Provided material

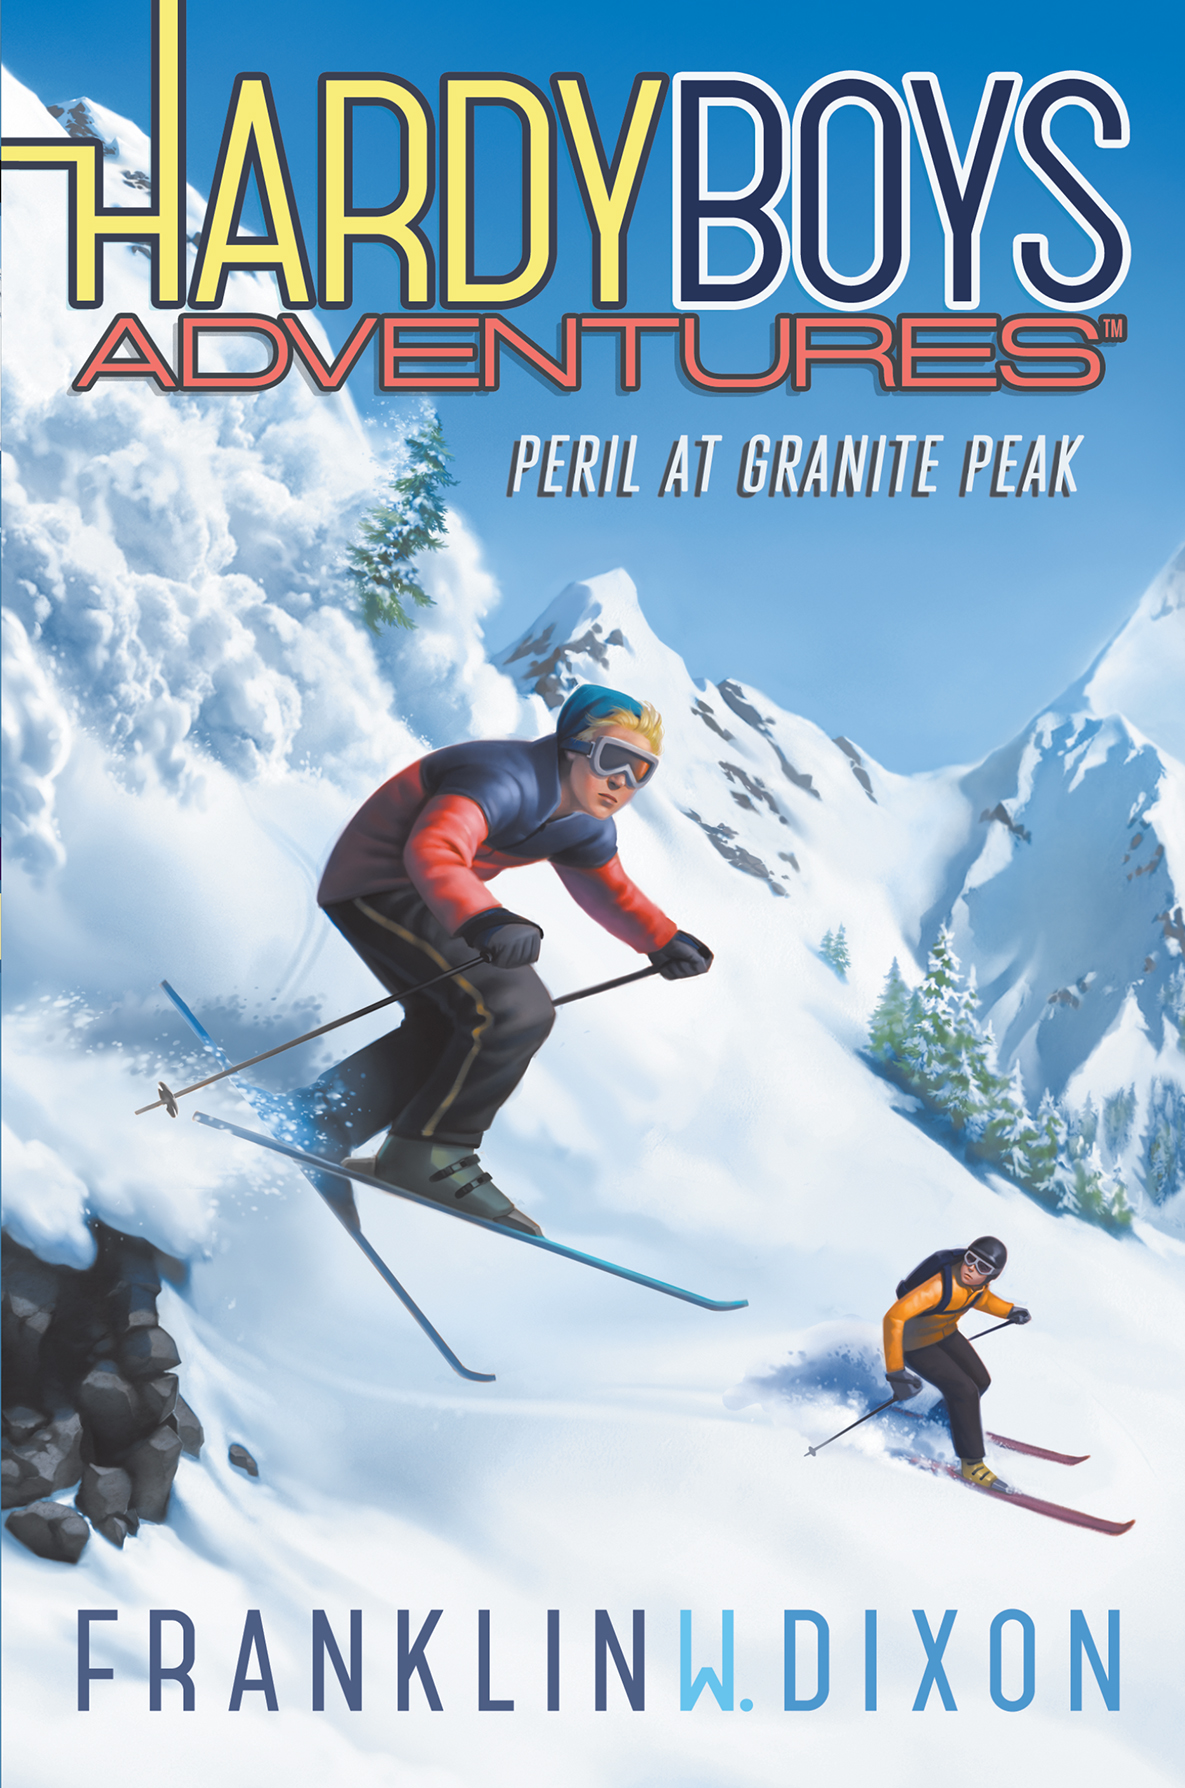 Peril at Granite Peak by Franklin W. Dixon
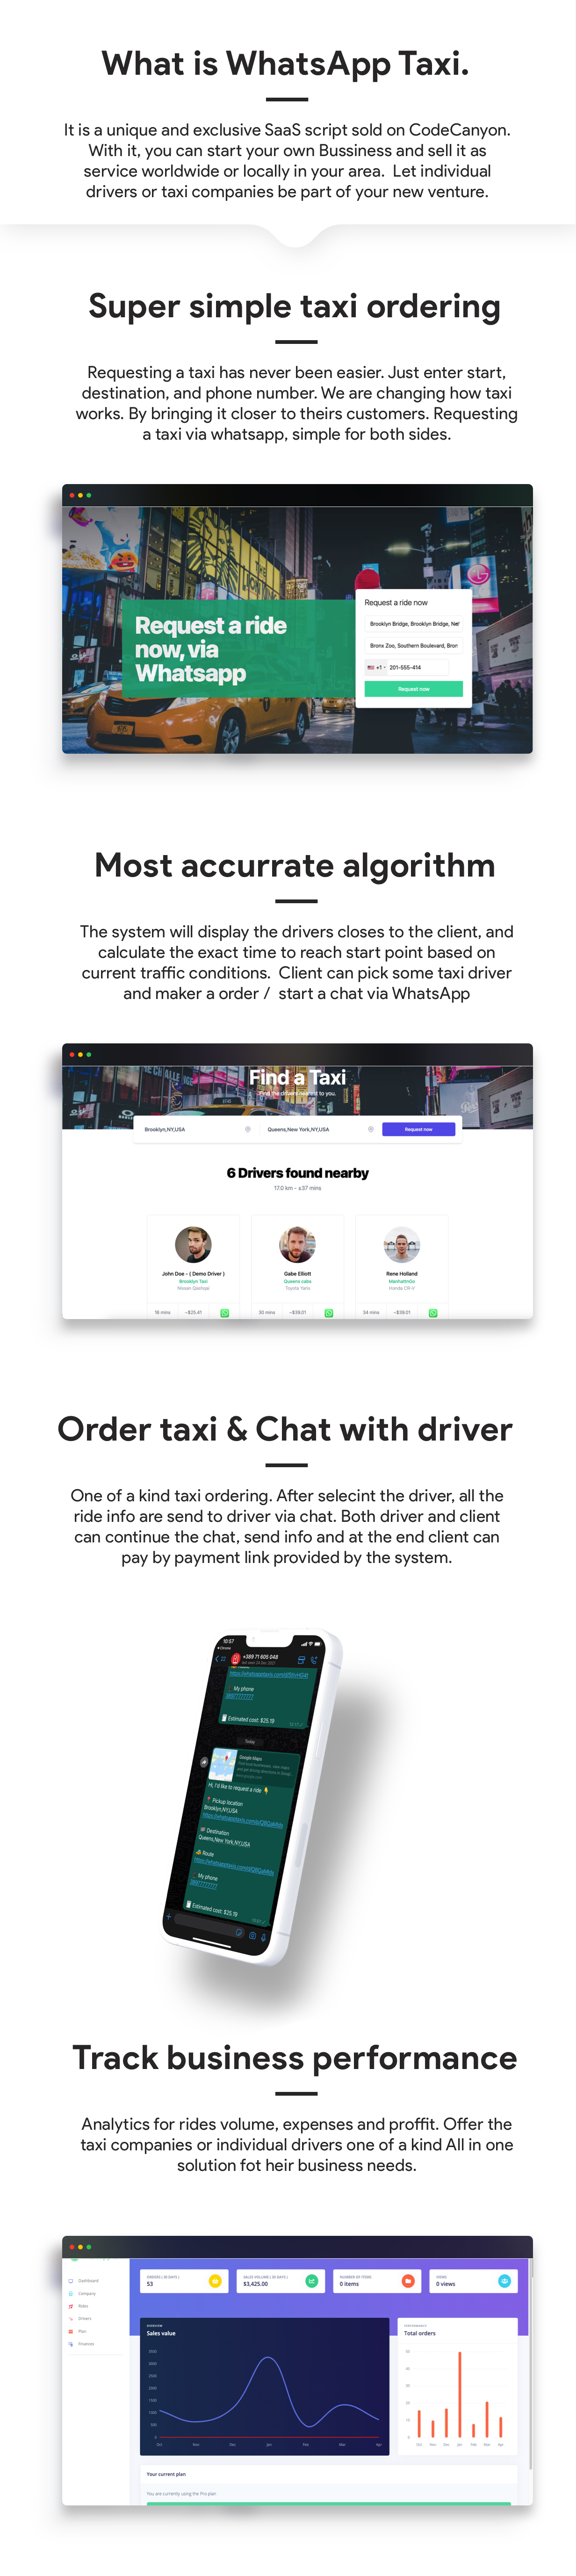 WhatsApp Taxi - SaaS  taxi ordering via WhatsApp - 6
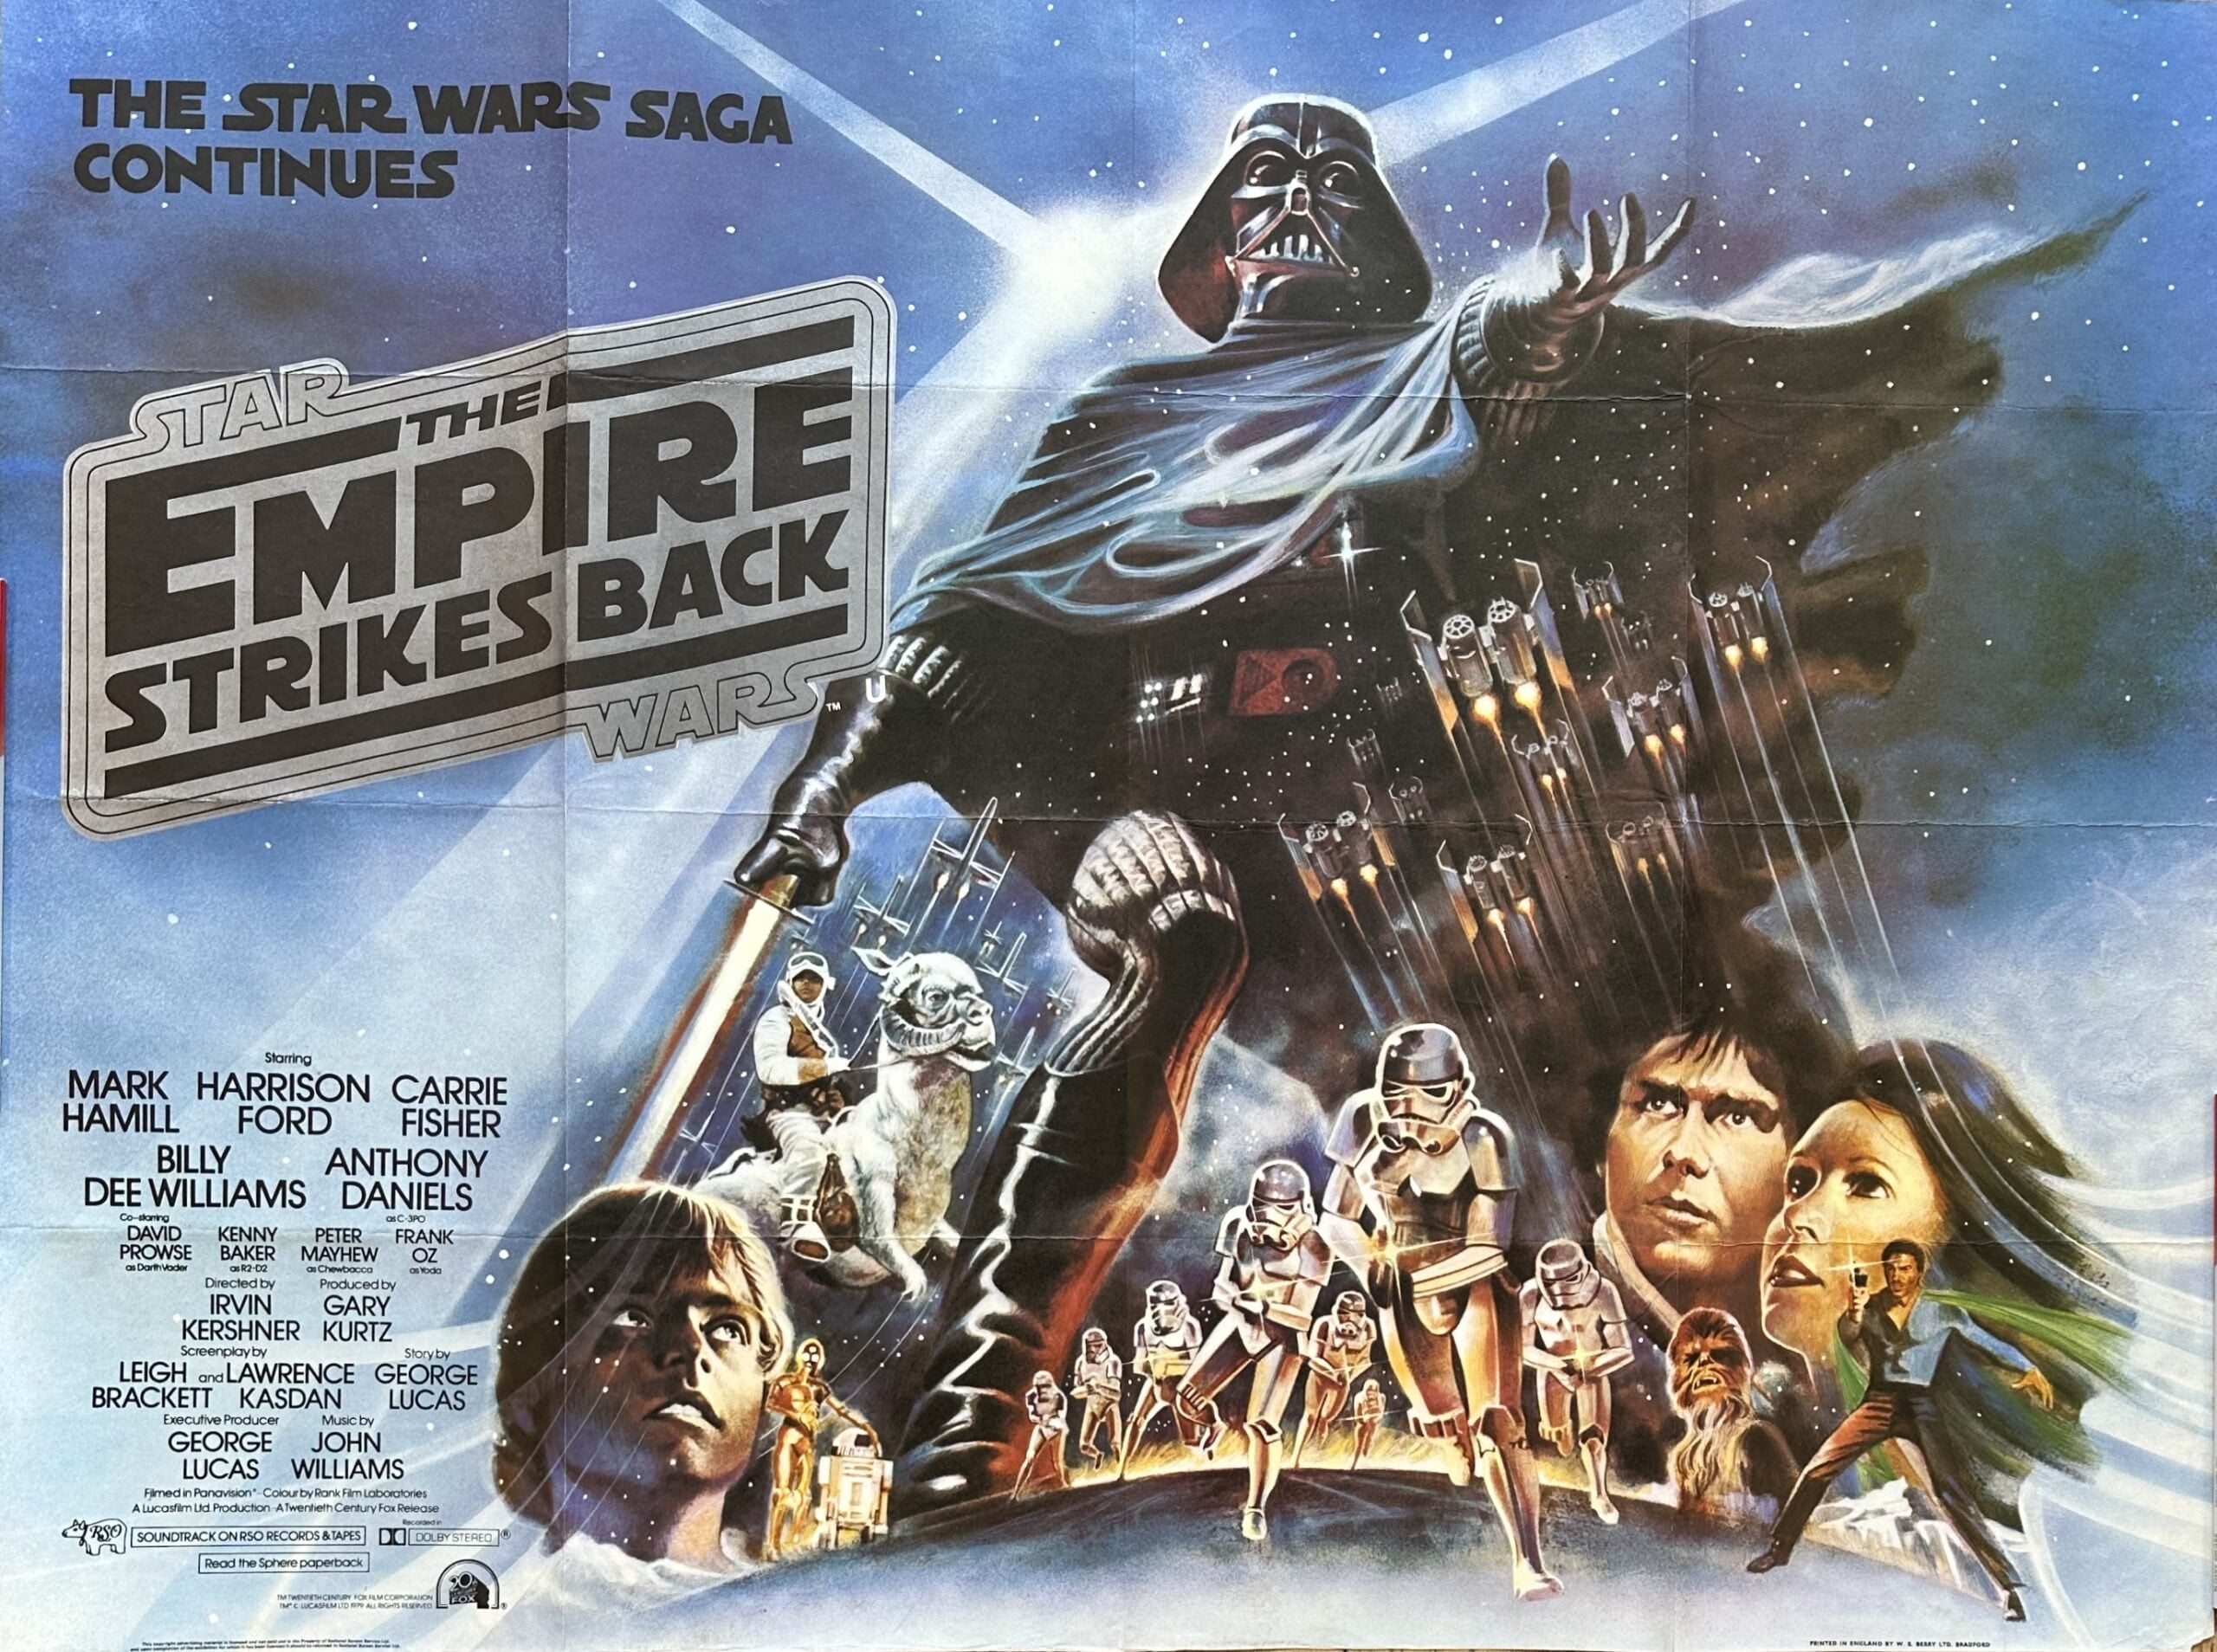 Original vintage cinema movie poster for Star Wars Episode V, The Empire Strikes Back

What you need to do
Leave out the images and copy all remaining data word for word.

Exercise answer
 Peril at Granite Peak by Franklin W. Dixon
 WhatsApp Taxi - SaaS  taxi ordering via WhatsApp - 6
 Original vintage cinema movie poster for Star Wars Episode V, The Empire Strikes Back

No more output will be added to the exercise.